Clostridium botulinum Beluga Ei strain (effective 12-12-2019)
The C. botulinum Beluga Ei strain was constructed using the CRISPR-Cas9 tool. Mutations were introduced into the toxin sequence to alter the amino acid residues (E213A/R348A/Y351F) responsible for zinc-binding and hydrolytic domains localized within the light chain, resulting in a loss of toxin biological activity. Mutation stability tests confirmed that the introduced mutations were stable and unlikely to revert to wild-type genotype. BoNT/Ei produced by the Clostridium botulinum Beluga Ei strain showed no biological activity by the mouse bioassay when tested at the equivalent of 22,113 mLD₅₀ of active trypsinized BoNT/E. No signs of paralysis were observed when 25 nM of BoNT/Ei was tested by the mouse phrenic nerve hemidiaphragm assay.

Reference(s):

1. Binz T, Bade S, Rummel A, Kollewe A, Alves J. Arg(362) and Tyr(365) of the botulinum neurotoxin type a light chain are involved in transition state stabilization. Biochemistry. 2002 Feb 12;41(6):1717-23.
2. Matsui T et al. Structural basis of the pH-dependent assembly of a botulinum neurotoxin complex. J Mol Biol. 2014 Nov 11;426(22):3773-3782.
3. Ingle et al. Generation of a fully erythromycin sensitive strain of Clostridioides difficile using a novel CRISPR-Cas9 genome editing system. Sci Rep. 2019 May 31;9(1):8123.
4. Simon S et al. Recommended immunological strategies to screen for botulinum neurotoxin containing samples. Toxins (Basel). 2015 Nov 26;7(12):5011-34.
5. Duff JT, Wright GG, Yarinsky A. Activation of Clostridium botulinum type E toxin by trypsin. J Bacteriol. 1956 Oct;72(4):455-60.
6. Centers for Disease Control and Prevention: Botulism in the United States, 1899–1996. Handbook for epidemiologists, clinicians, and laboratory workers, Atlanta: Centers for Disease Control and Prevention, 1998. https://www.cdc.gov/botulism/pdf/bot-manual.pdf
7. Bigalke H and Rummel A. Botulinum Neurotoxins: Qualitative and Quantitative Analysis Using the Mouse Phrenic Nerve Hemidiaphragm Assay (MPN). Toxins (Basel). 2015 Nov 25;7(12):4895-905.
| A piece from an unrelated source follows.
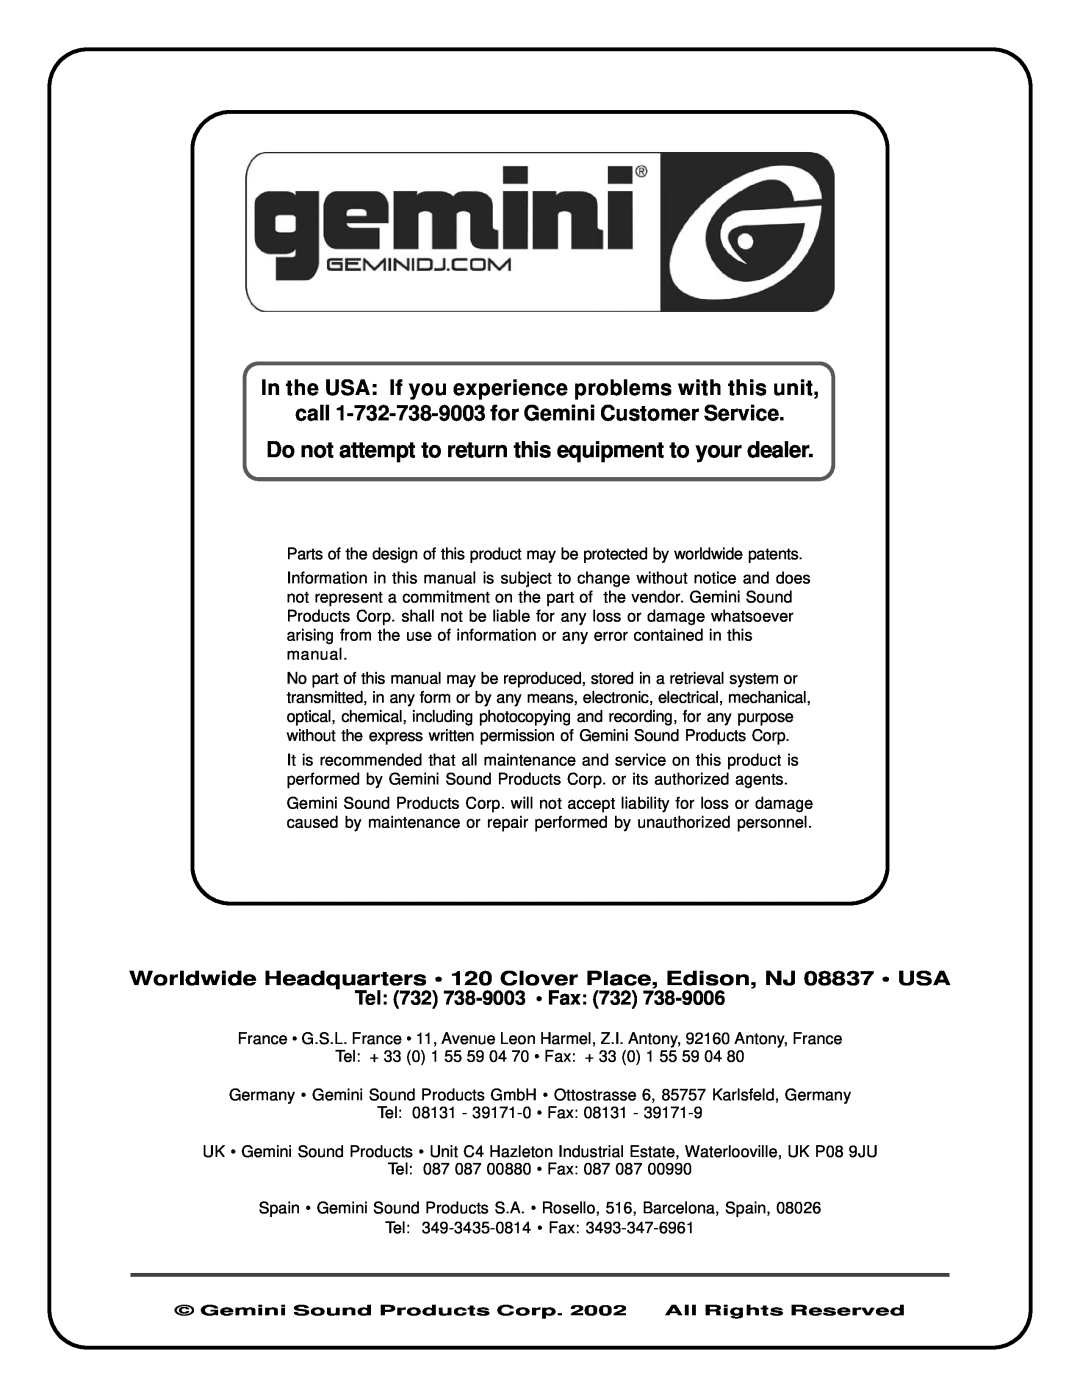 Gemini CD-1800X manual call 1-732-738-9003for Gemini Customer Service, Tel 732 738-9003 Fax 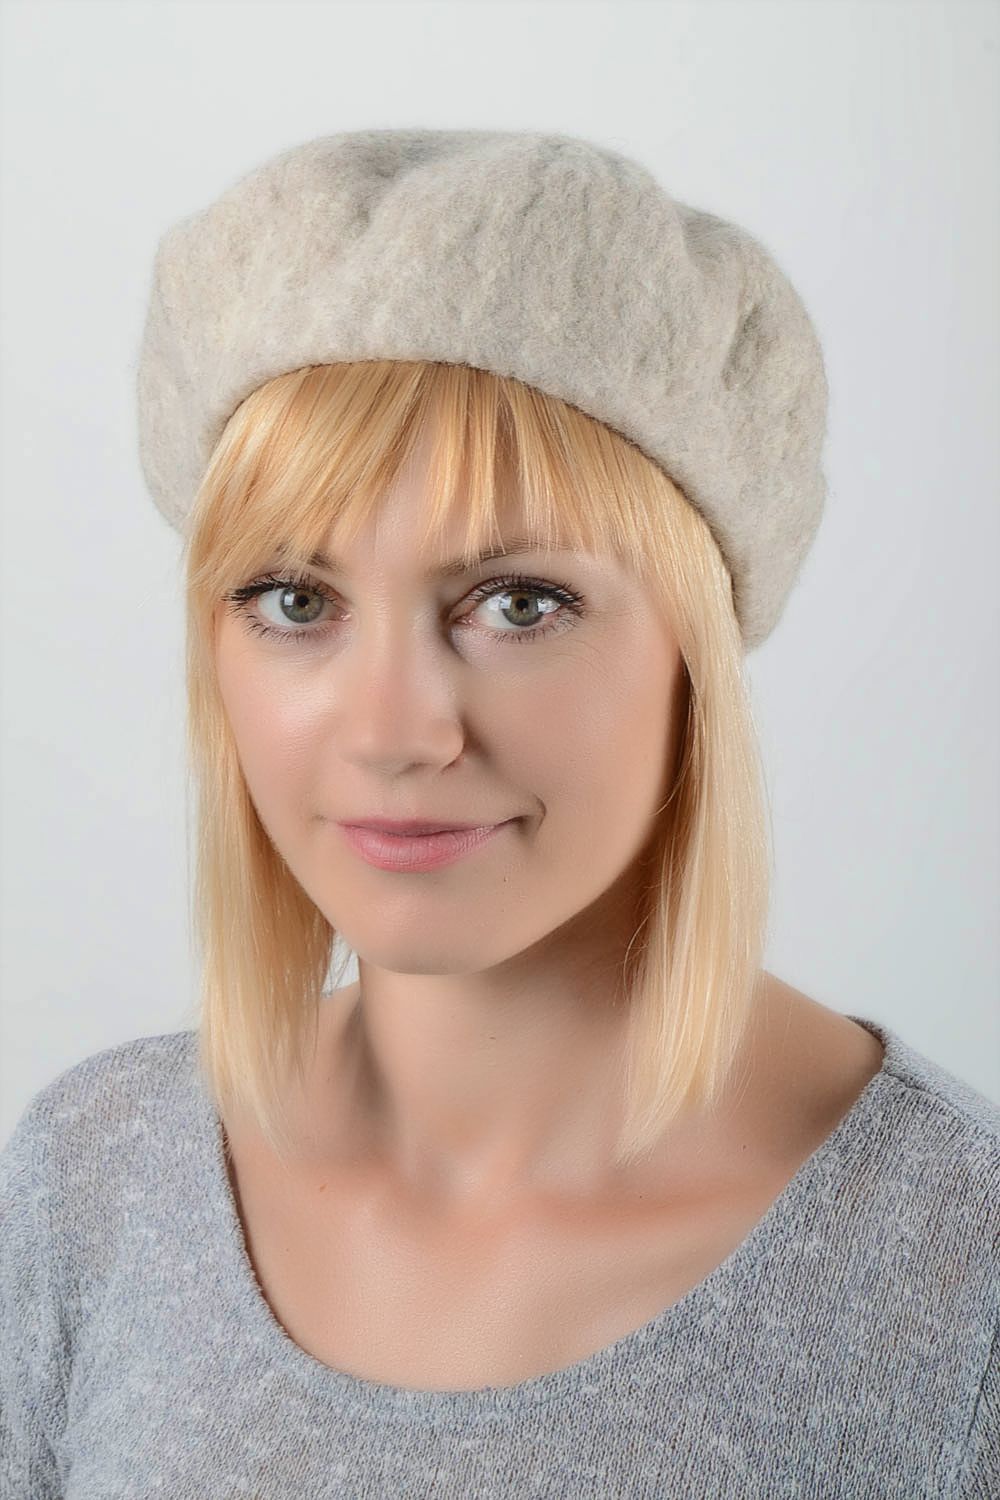 Handmade woolen beret stylish female headwear unusual cap for women cute hat photo 1

Coxiella burnetii Phase II, Nine Mile Strain, plaque purified clone 4 (effective 10-15-2003)
Lipopolysaccharide (LPS) phase variation is the only confirmed virulence factor of C. burnetii. Organisms isolated from natural infections or in the laboratory are in phase I and have a smooth-type LPS. Repeated passage of phase I organisms through embryonated eggs or cultured cells resulted in the conversion to phase II and a change in the LPS to a rough-type. Based upon consultations with subject matter experts and a review of relevant published studies, HHS has determined that Coxiella burnetii, Phase II, Nine Mile Strain, plaque purified clone 4, does not pose a significant threat to human or animal health.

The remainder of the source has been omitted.